Kyle Ramar Freeman as Asaka (left) and Courtnee Carter as Ti Moune in ‘Once on This Island.’ (Photo by Joan Marcus)

Early in the colorful Tony Award-winning revival of Once on This Island, we learn what differentiates the upper-class grand hommes of this French Antilles fantasyland from the darker-skinned impoverished peasants they have shunned. The upper crust have their money, their steady flow of rich tourists, their fine champagne, their Frenchified style and their mastery of their own fates. The peasants in this jewel of the Caribbean? They have their religion. They pray to the gods of earth, water and love who rule their lives — along with the demon of death.

They remain remarkably upbeat despite finding themselves at the mercy of merciless deities: “And if the gods decide to send a hurricane … we dance!” Or so they sing.

In her adaptation of Rosa Guy’s book My Love, My Love, Lynn Ahrens and her peasant islanders retain their sunniness even though they live and narrate a tragic tale. Shimmering with steel drums and assorted Caribbean percussion, Stephen Flaherty’s score is on the same radiant page. After the opening “We Dance” cited above, even the most dramatic songs, like “Pray” and “Forever Yours,” almost always have an up-tempo episode. As “Some Say” hints, you’re blessed if you merely end up “in a story or a song.”

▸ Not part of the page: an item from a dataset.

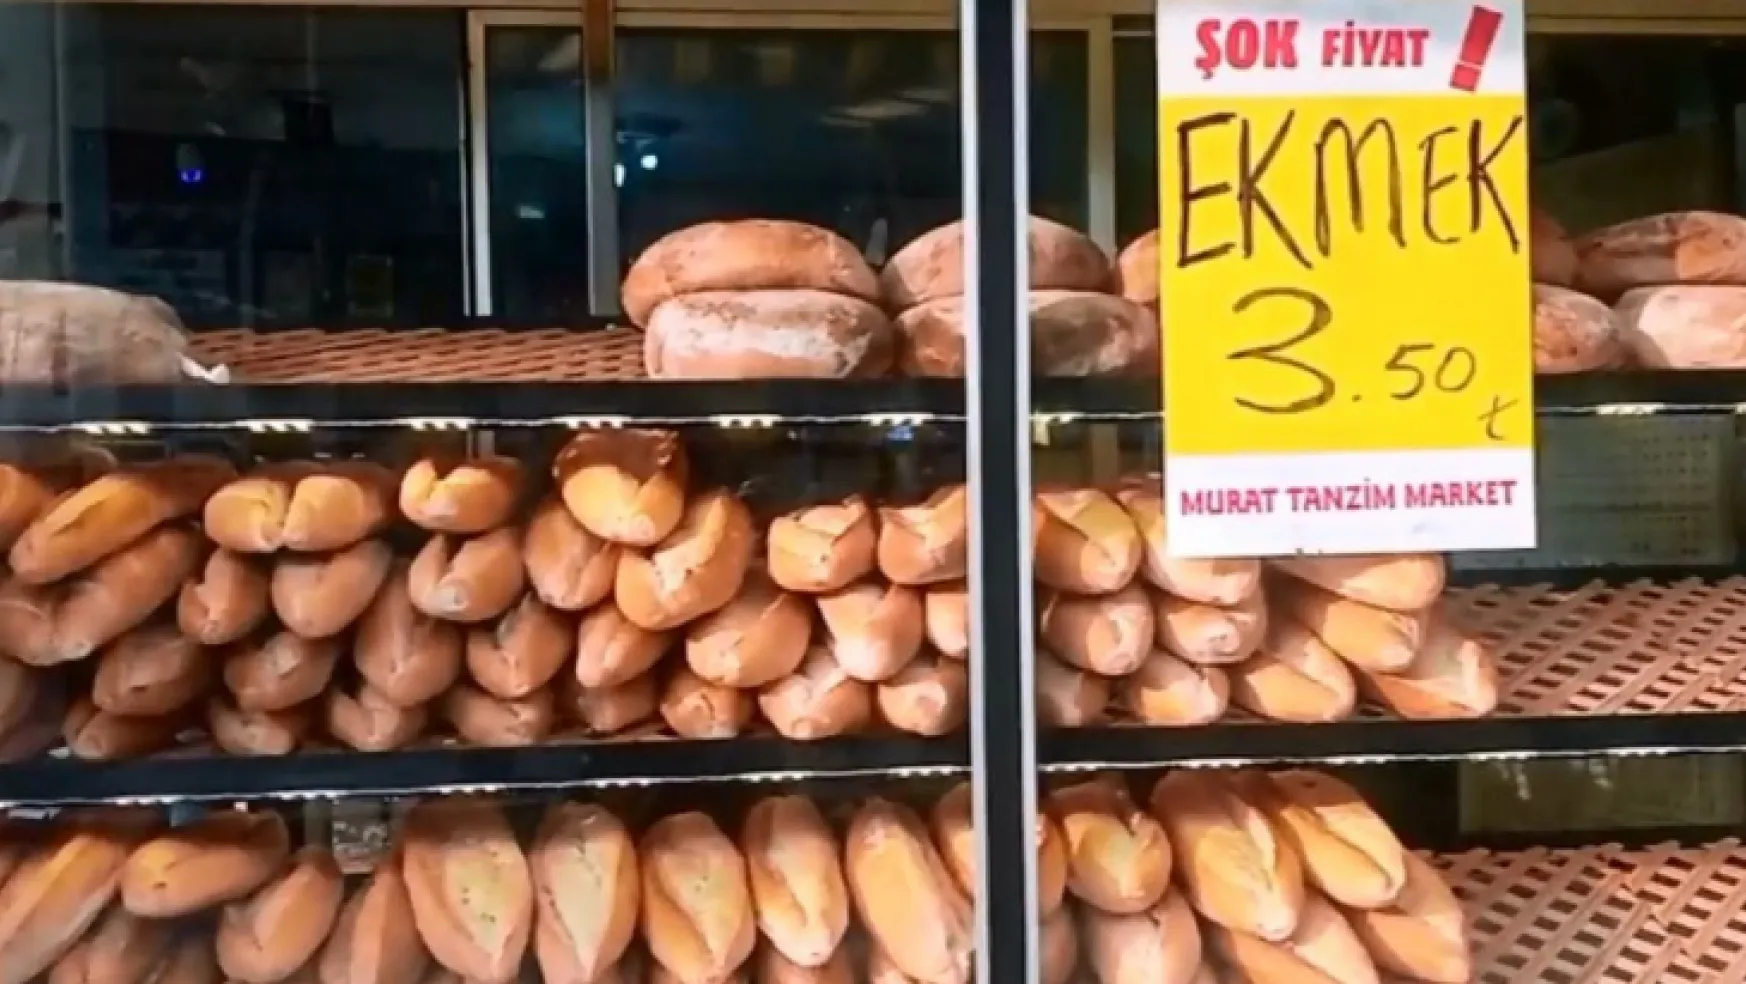 Fırıncılara Kızıp Ekmek Fiyatını 3.5 Tl'ye Düşürdü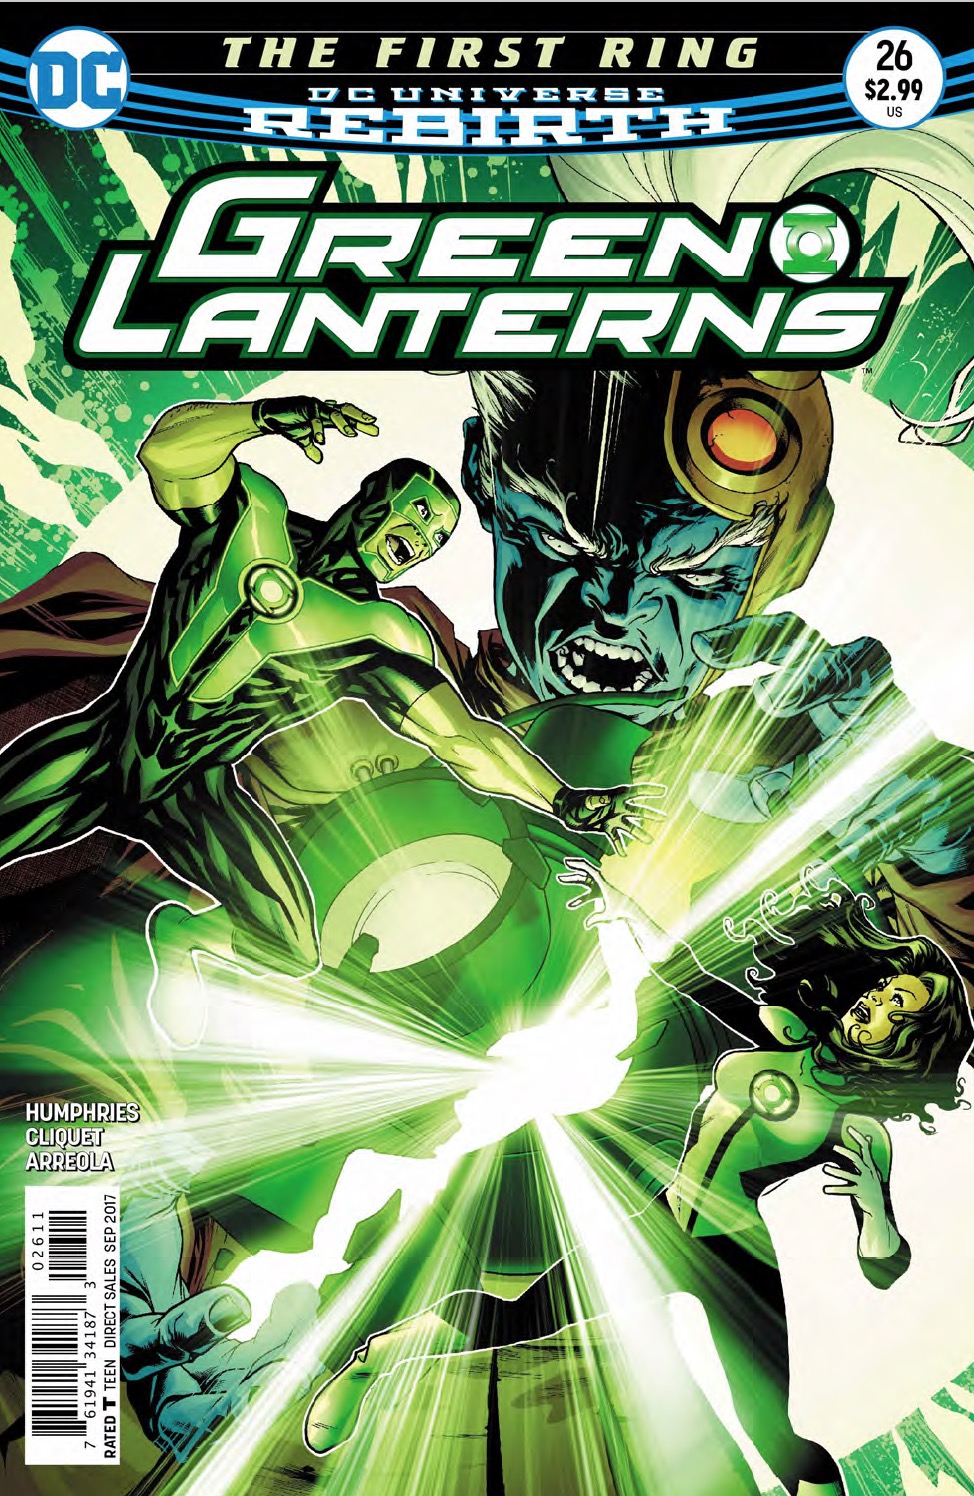 Green Lanterns #26 Review

For the plucky islanders, the glass is always at least half full. Ti Moune arrives near the home of Tonton Julian and Mama Euralie as wee girl, perched up in a tree after the storm and tide that washed away her native village deposits her there. Tonton and Mama adopt her as soon as they confirm that she can speak. Instead of fretting over or mourning her ancestors, Ti Moune grows up thinking that her miraculous survival signals that the gods have a special purpose for her.

It comes when Daniel Beauxhomme comes riding along during another bad storm and crashes his car on the beach. While the smitten Ti Moune is desperately nursing Daniel back to health, Papa Ge — the demon of death — comes to claim him and break her heart. Ti Moune shocks the demon by offering up her life in exchange for his. Love beyond love.

The story that plays out afterwards — with echoes of Little Mermaid, Romeo and Juliet, and a couple of choice pagan myths retold in Ovid’s Metamorphoses — breaks Ti Moune’s heart anyway. At this most vulnerable moment, she has a second grim encounter with Papa Ge, and once again thwarts the demon. After that, we see that, in a hopelessly endlessly downtrodden way, Ti Moune truly is a favorite of the gods. Especially if being in a song and a story is sufficient proof.

The company of ‘Once on This Island.’ (Photo by Joan Marcus)

You can’t replicate the campfire configuration of Circle in the Square, the Broadway theater where This Island was revived, so the intimate community feel of the show hasn’t made it intact to Belk Theater, where the show opened on Tuesday and will run through Sunday. But there’s a storytelling vibe in Ahrens’ book and 10 storytellers in director Michael Arden’s touring production. Scenic designer Dave Laffrey also provides a considerable amount of audience seating onstage at the fringes of his ramshackle set, and Arden adds a whirl of pre-show activity and buzz from his actors.

I suspected that the onstage spectators were plucked from the rear of the uppermost balcony, for I didn’t spy many other empty seats on opening night. A full house also nurtures that community feel, and word-of-mouth will no doubt extend the welcome of this cheery, warm-hearted entertainment.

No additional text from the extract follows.